It’s so much more than taking the payment.

Way back in the deep, dark history of financial payments (say 7 years ago) it was a straightforward world where financial institutions enabled payments for merchants and customers. Business was simple, effective and profitable.

As a financial institution (FI) you established an account with a customer, merchant or individual, checked their credit worthiness, and then enabled them to take and make payments of a debit or credit variety. Aside from offering some basic reporting you didn’t really have to worry about how the merchant ran their business, what technology the customer wanted to use, what story the transactional data told, or whether the data formats were compatible with third party API’s. You just told them what you had available and they took it. Good times.

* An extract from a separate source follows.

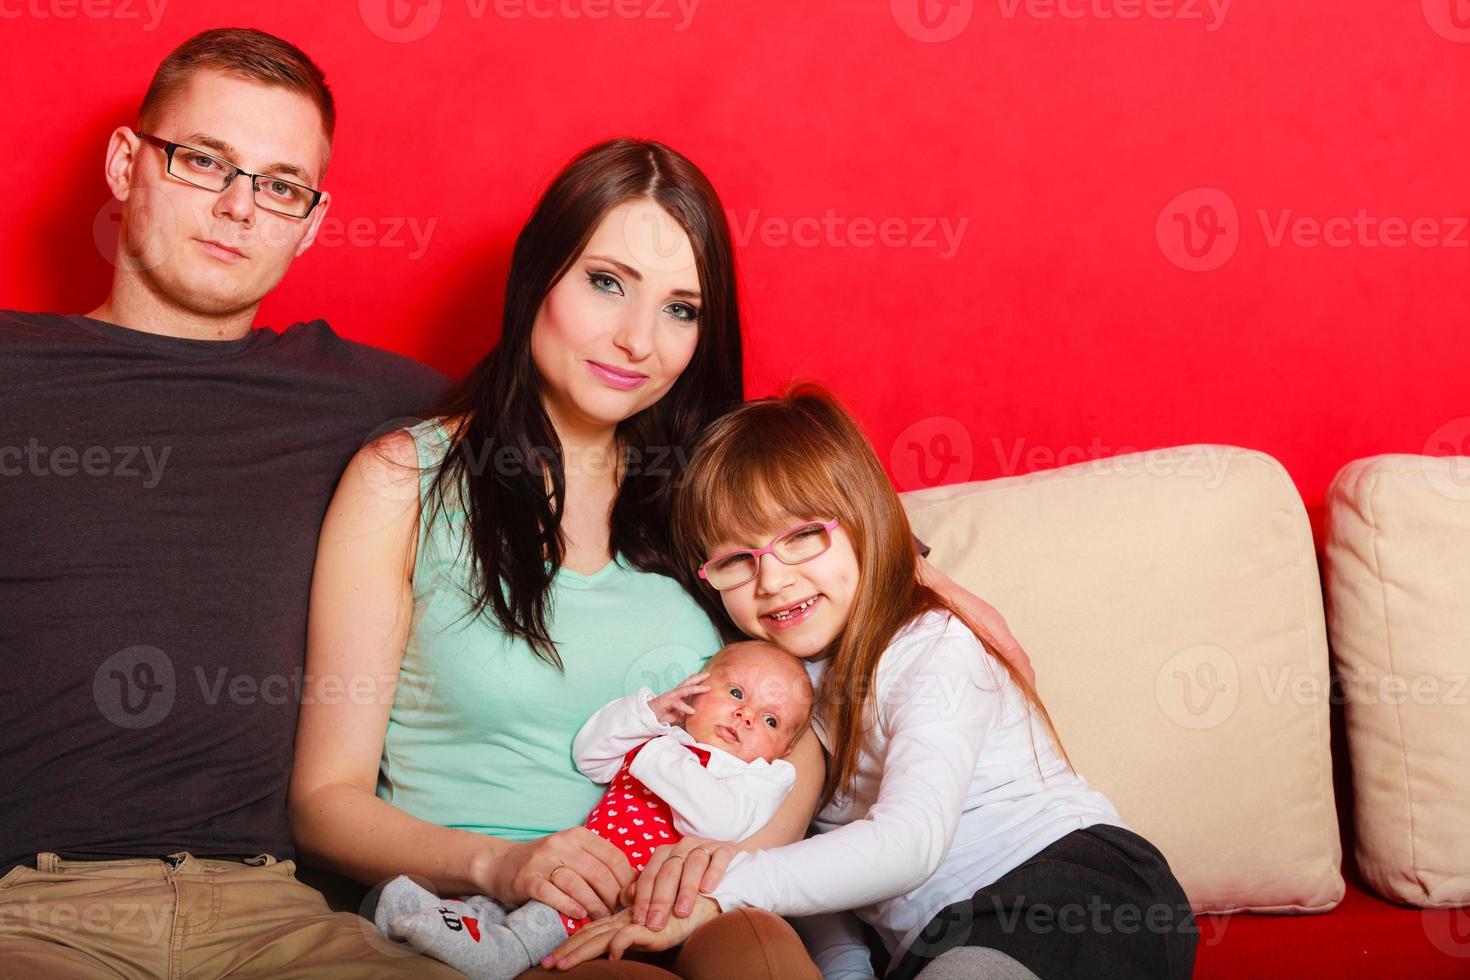 Family with newborn baby girl portrait photo

That’s no longer the case for a modern payments business, be you large institutional bank or small third party processor. These days the core is still about taking a payment but the offer should be about a lot more. These days you need to be innovative in the way you mine and deliver transaction data. You need to allow that data to deliver customer loyalty, coupons and promotions. You need to interact with social networks. You need to ensure the way your payments business works actually makes the customers life easier. You need to offer great technology and the ability to interface to other great technologies.

The world of payments is no longer about the FI as the only piece of the payments world. Great technology has enabled the focus to shift to the customer as the central component, where the FI now has to ask questions like, “How would you like to access your payments? What technology works for you and your customer experience? What story can I tell you from your transaction data? What will make it easier for you to do payments with me, rather than my competitors? How can I help you drive customer loyalty? How can I make your life easier?

Both upstream and downstream of the actual process of taking a payment there are emerging innovative technology companies like Square, Simple, Dwolla and Mint. These new style payment companies are concentrating on creating unique value for customers around the payments process, and thereby putting themselves in the driving seat of the customer relationship. In these businesses FI’s still underpin the payments process but all of a sudden they no longer control the all important customer relationship.

The danger for any FI in losing the customer relationship is that the customer becomes “sticky” to the technology, rather than the payment piece. This gives potential control of who processes the payment to the technology company, and takes it away from the FI. If the technology company decides to change its payment processor it has enough customer attachment to take the customers with it.

If you’re in a payments business today you should be spending time looking at how the technology that surrounds your core payments platform adds value to your customer. If “peripheral” technologies like your user interface, CRM, web and mobile tools, social network connectivity, and API’s aren’t offering great value for your customer then you need to be looking over your shoulder. Someone else could be offering your customers great technology right now to make taking and managing payments easier, and that could shift the control of your customer to them.